The matter regarding notifying Cyprus as a non-cooperative nation for failure to share adequate information with the Indian tax authorities under the India-Cyprus Double Taxation Avoidance Agreement (DTAA) has reached the Supreme Court.
A bench headed by Justice AR Dave on Friday sought a response from the government as to why its 2013 decision to suspend tax benefits under the bilateral treaty should not be quashed after three petitioners challenged the Madras High Court’s judgment that upheld the Centre’s decision to notify Cyprus as noticed jurisdictional area for taxation.
The counsel of T Raj Kumar, one of the petitioners, contended that the amended provision conferred sweeping powers upon the Central government to specify any country as a notified jurisdictional area in relation to transactions entered into by any assessee, irrespective of whether such country is one, with whom a bilateral treaty has already been entered into or not.
The petitioners also sought to quash CBDT notification No. 86/2013 of November 1, 2013, declaring Cyprus a notified jurisdictional area irrespective of having entered into an ‘Agreement for the Avoidance of Double Taxation and the Prevention of Fiscal Evasion with respect to Taxes on Income and on Capital,’ with the Republic of Cyprus on December 21, 1994.

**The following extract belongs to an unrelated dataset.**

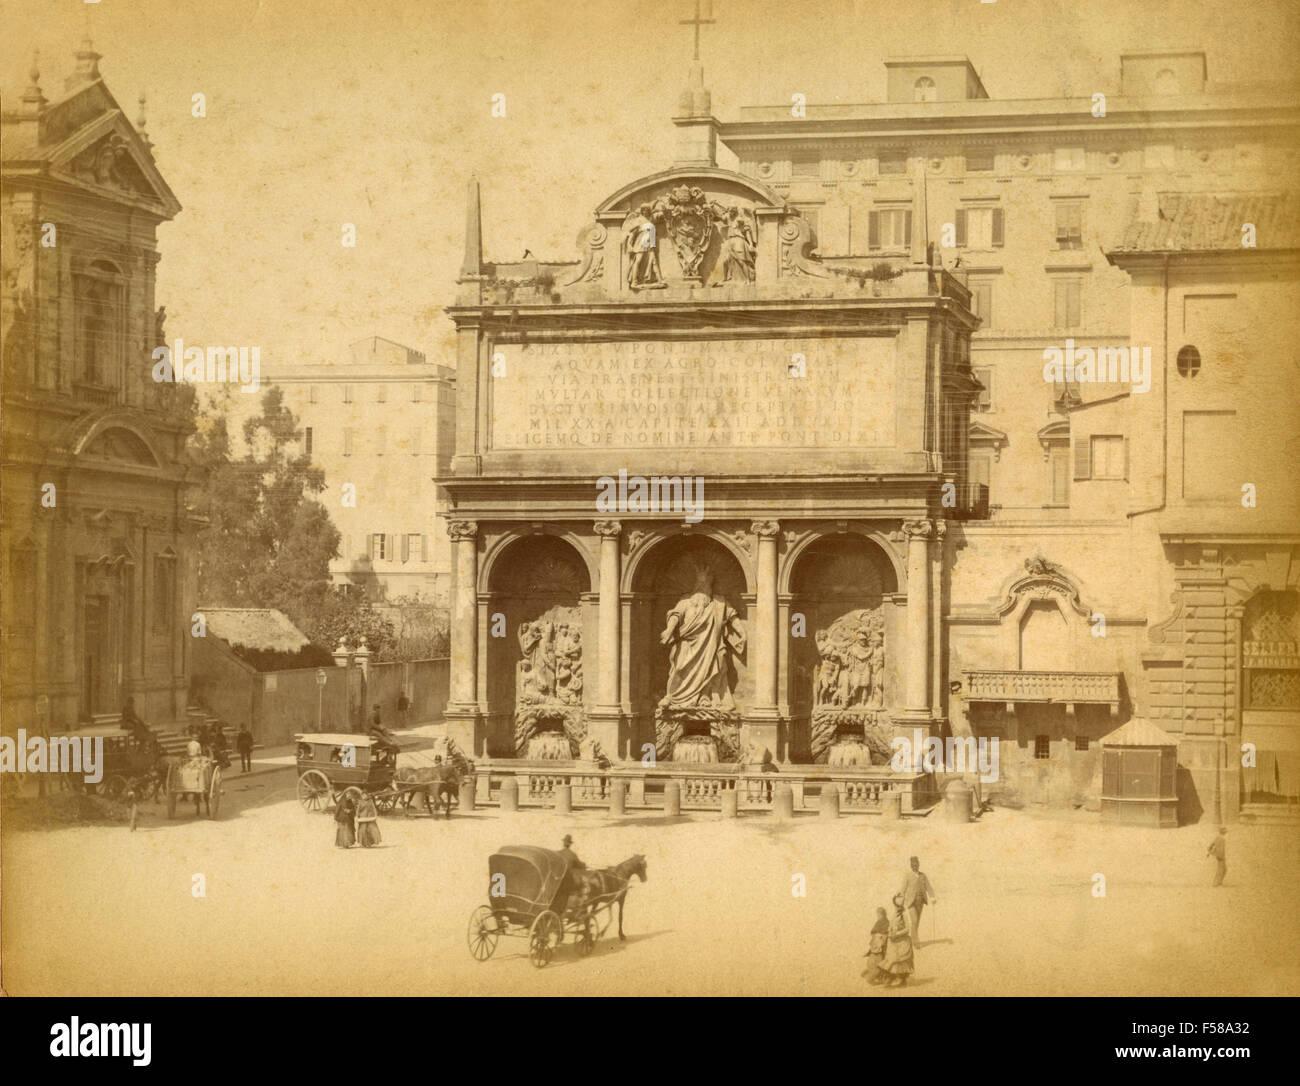 The Fountain of the Acqua Felice, Largo Santa Susanna, Rome, Italy - Stock Image

But India took the decision in 2013 to notify Cyprus as non-cooperative as there was no information flow on tax evasion. Section 94A(1) of the Income Tax Act, 1961, empowers the government to declare any country, with which it lacks effective exchange of information, a ‘notified jurisdictional area.’

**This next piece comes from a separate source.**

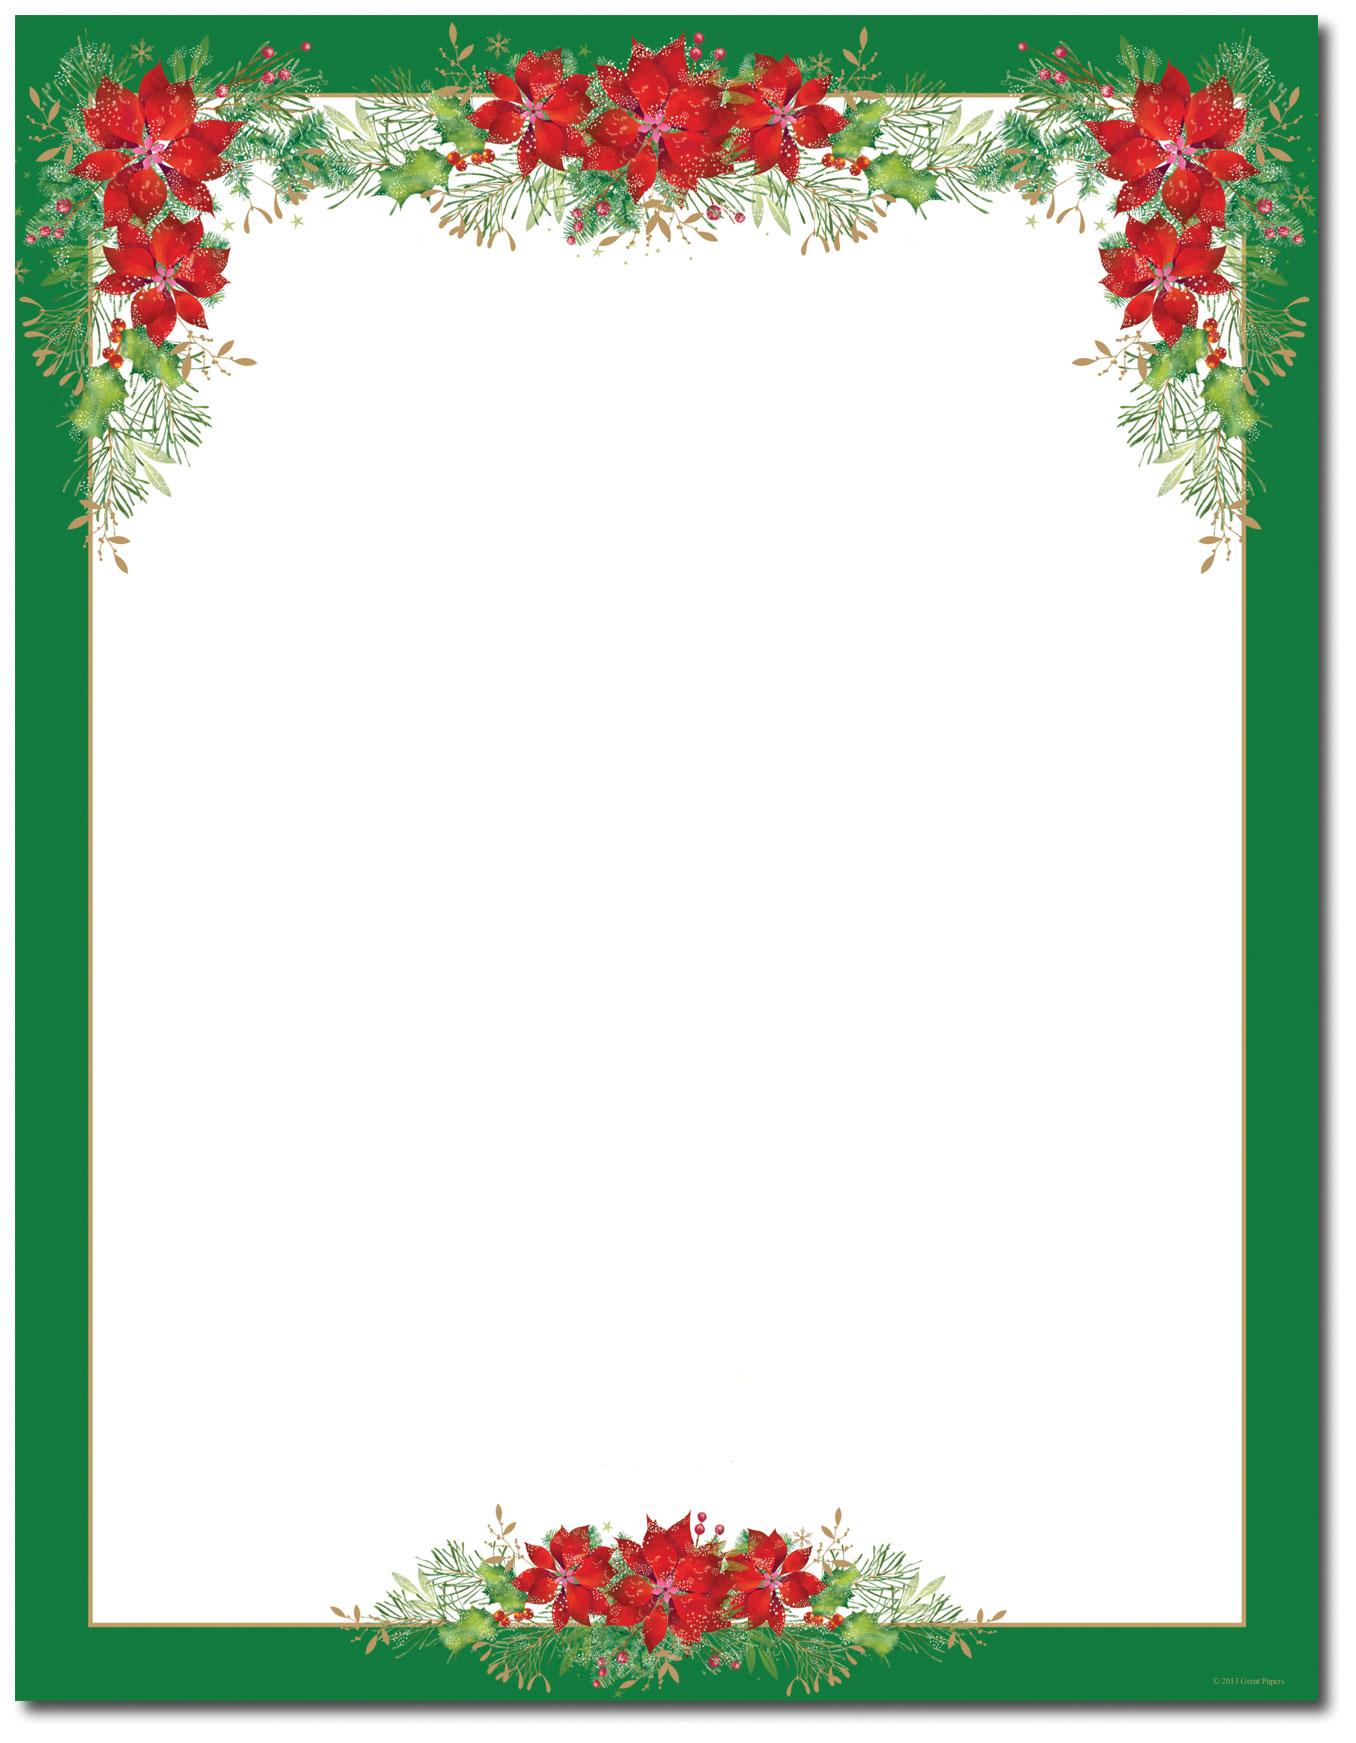 Poinsettia clipart printable Free Clipart Download Poinsettia Poinsettia

The amended India-Mauritius DTAA removed the advantage that allowed investors to avoid paying capital gain taxes in India and is aimed at boosting the Centre’s efforts to prevent infusion of black money through shell companies in foreign tax havens.

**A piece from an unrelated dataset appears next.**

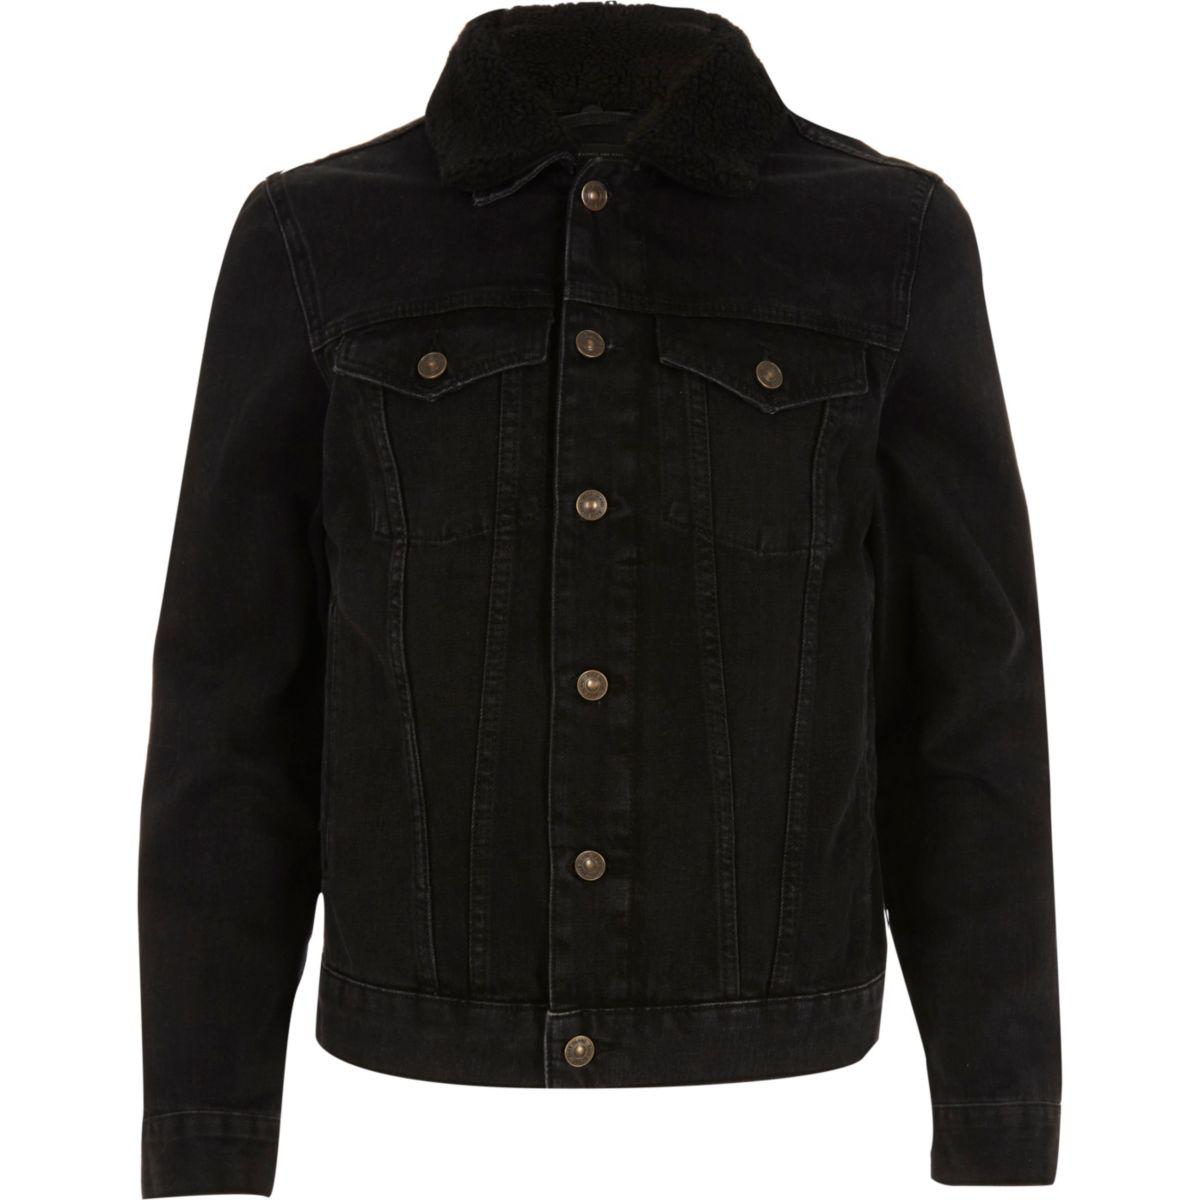 Black washed borg collar denim jacket - Coats & Jackets - Sale - men

Seeking a direction to the Centre to quash its decision, Kumar argued that the suspension of tax benefits has hurt investment inflow from Cyprus and the government has overridden the bilateral treaty’s provisions.
Upholding the Constitutional validity of Section 94A(1) as “the need of the hour”, the HC noted that “many countries suffered evasion or avoidance of tax, by unscrupulous persons exploiting noble theories of public international law”.
The HC said defensive measures such as insertion of Section 94A were aimed at enforcing transparency in cross-border remittances and preventing abuse of benefits conferred by treaties.